The Buffalo Niagara International Airport called in extra police, but they weren't needed, said C. Douglas Hartmayer, a spokesman for the Niagara Frontier Transportation Authority.

Mikhail Zislis, spokesman for the Russian team, called the episode an overreaction and disagreed with Delta's characterization of the group as unruly, saying most were exhausted and just wanted to sleep. He said that not all team members had even boarded the plane when the group was told to leave.

"I don't understand why our guys were sent off the plane," he said in an interview. "We have different opinions. In some aspects, their point of view is wrong."

Instead of winging their way home in time for Russian Orthodox Christmas on Friday, the contingent spent Thursday resting at the Days Hotel across from the airport. Delta rebooked them on a flight out of Buffalo on Friday morning.
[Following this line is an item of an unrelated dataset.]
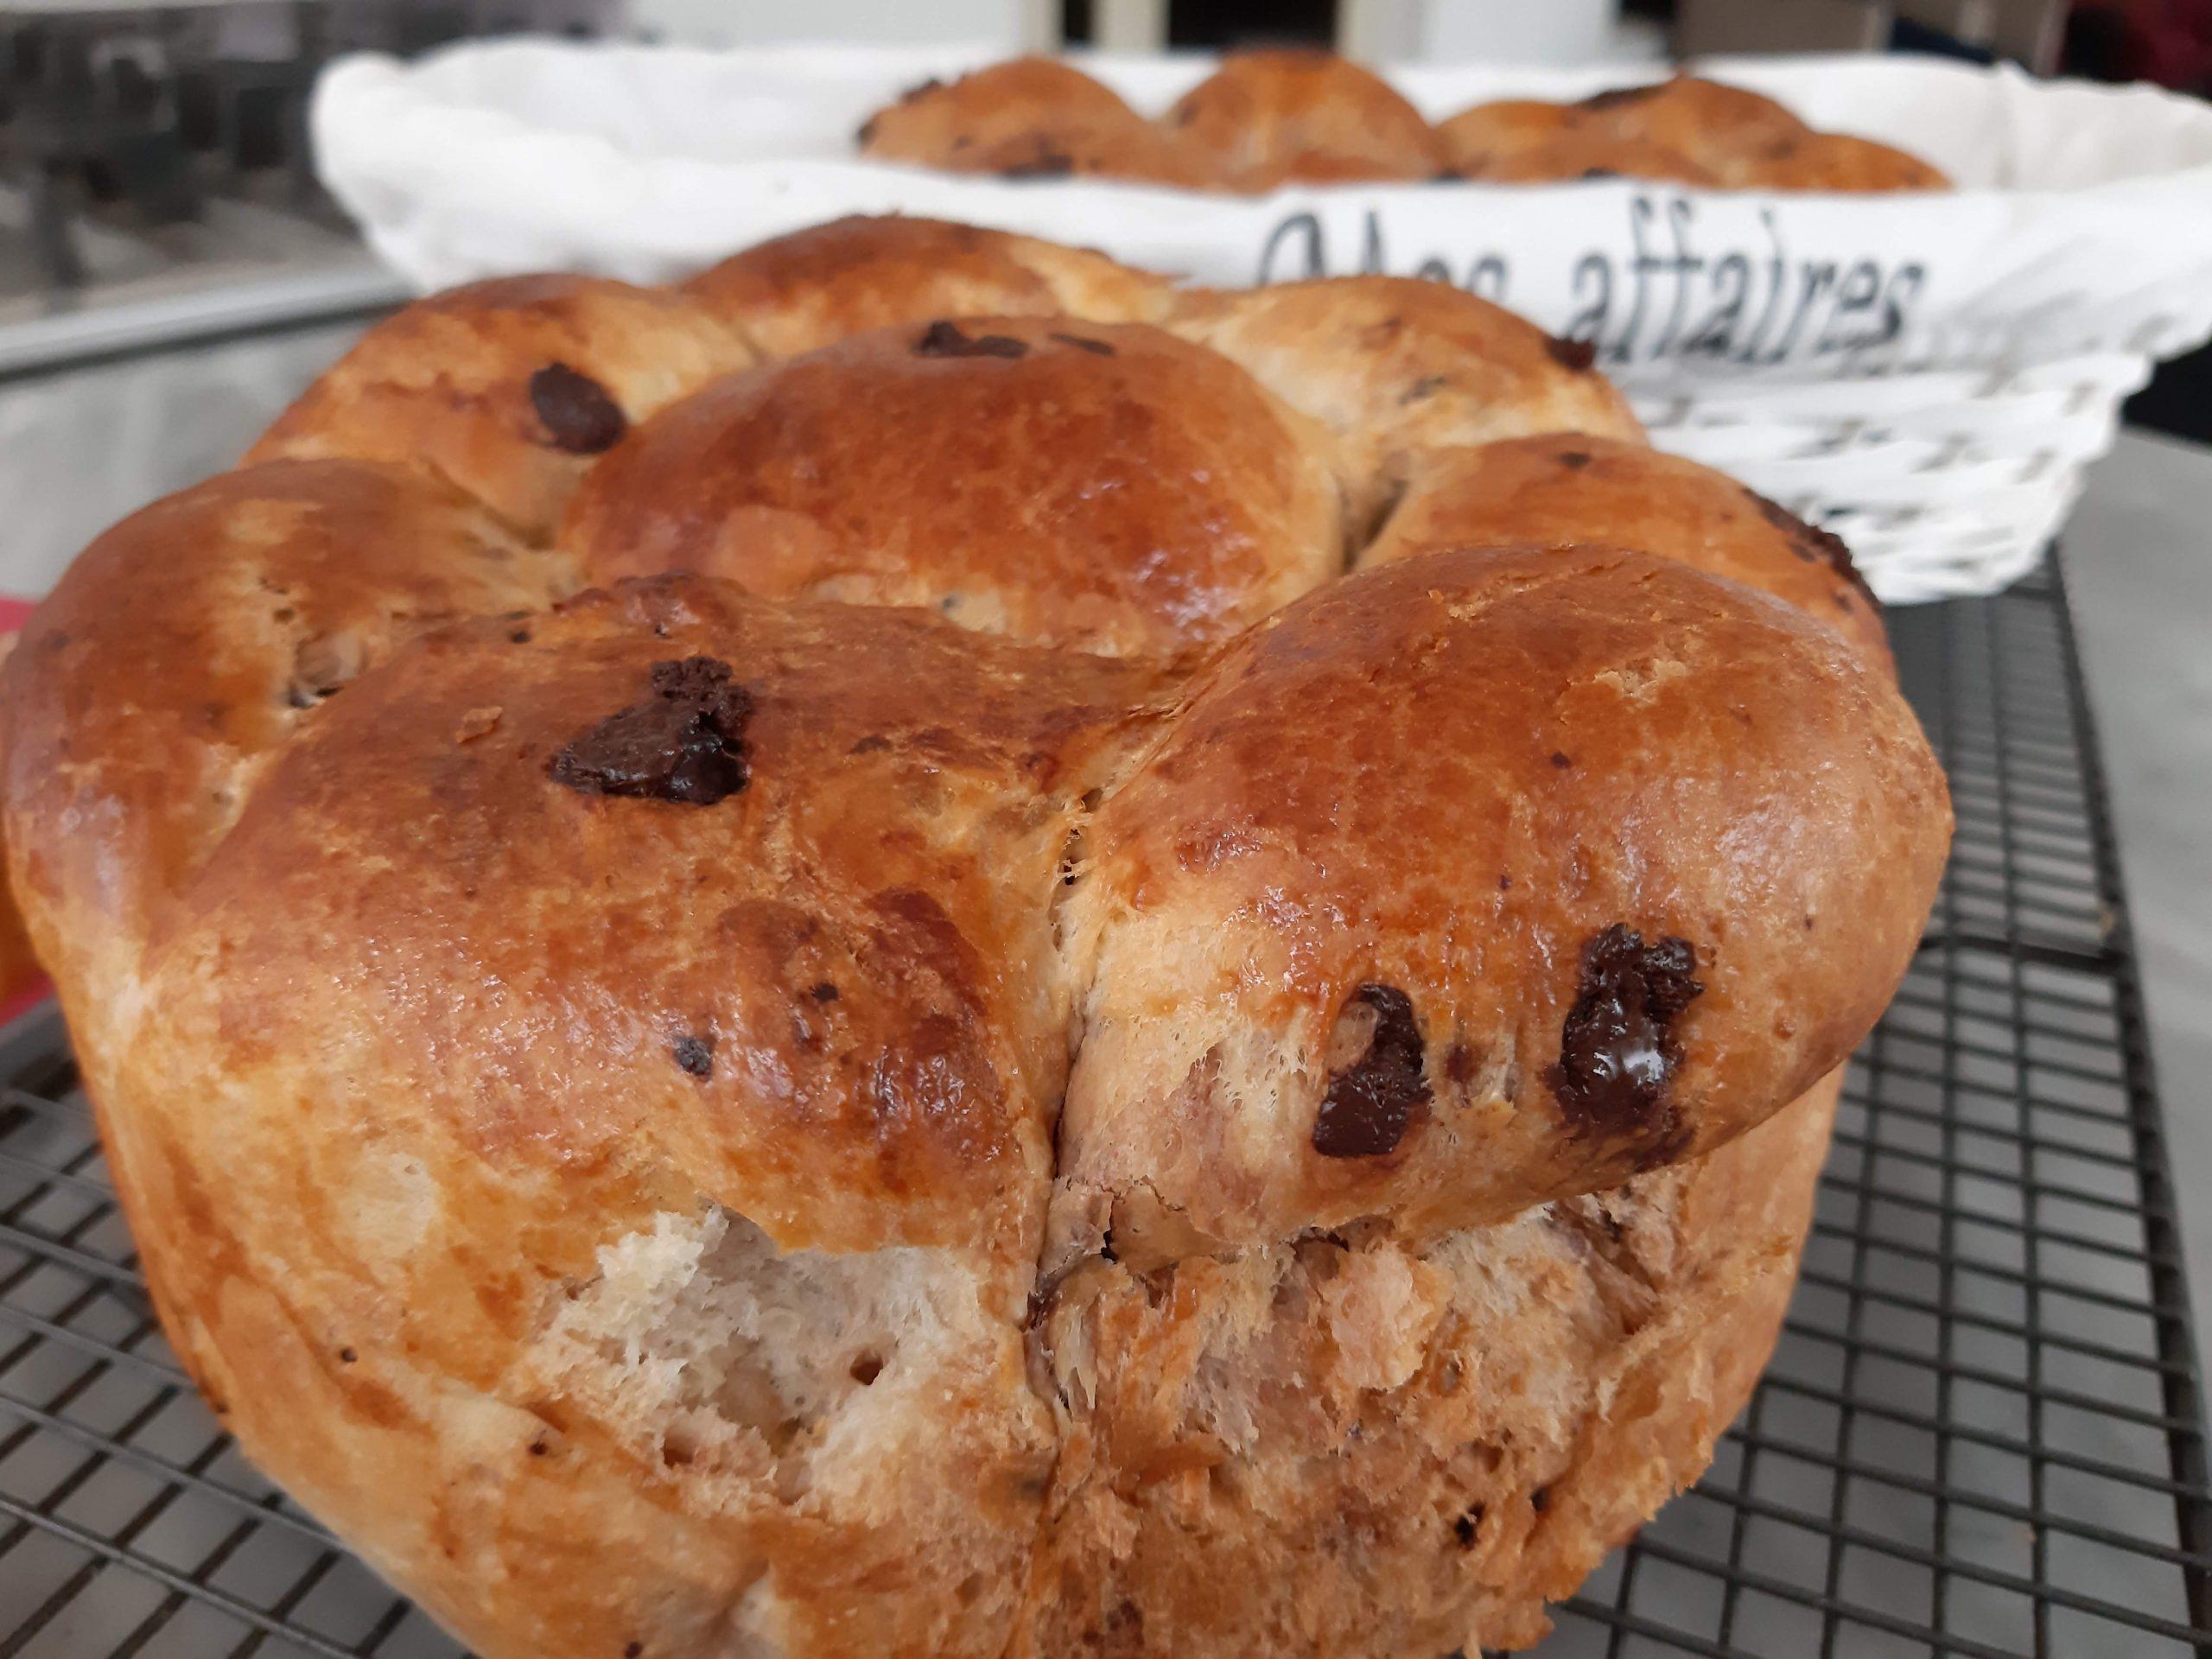 Chocolate Brioche loaf

Champagne started flowing in the locker room after the team's 5-3 victory in the world junior championship on Wednesday night, Mr. Zislis said. Later, several Russian coaches and trainers went onto the ice - one holding what appeared to be a bottle of alcohol and others sipping from cups - to pose for pictures in front of the scoreboard, which had been lowered to ice level.

The team then took the party to the Tiffany Rose lounge in the lobby of the Adam's Mark Hotel, where they stayed during the tournament.

The players and other members of the Russian contingent marked their victory well into the night, drinking and chanting "Russia!" and "Beat Canada!" A video of the celebrations shows several players in jerseys with gold medals around their necks, toasting with drinks in hand.

While the legal drinking age in New York State is 21, all players in the tournament are 20 or younger. Mr. Zislis said he did not want to comment on whether players drank at the hotel bar, adding that the legal age in Russia is 18.

The general manager of the Adam's Mark Hotel did not respond to interview requests.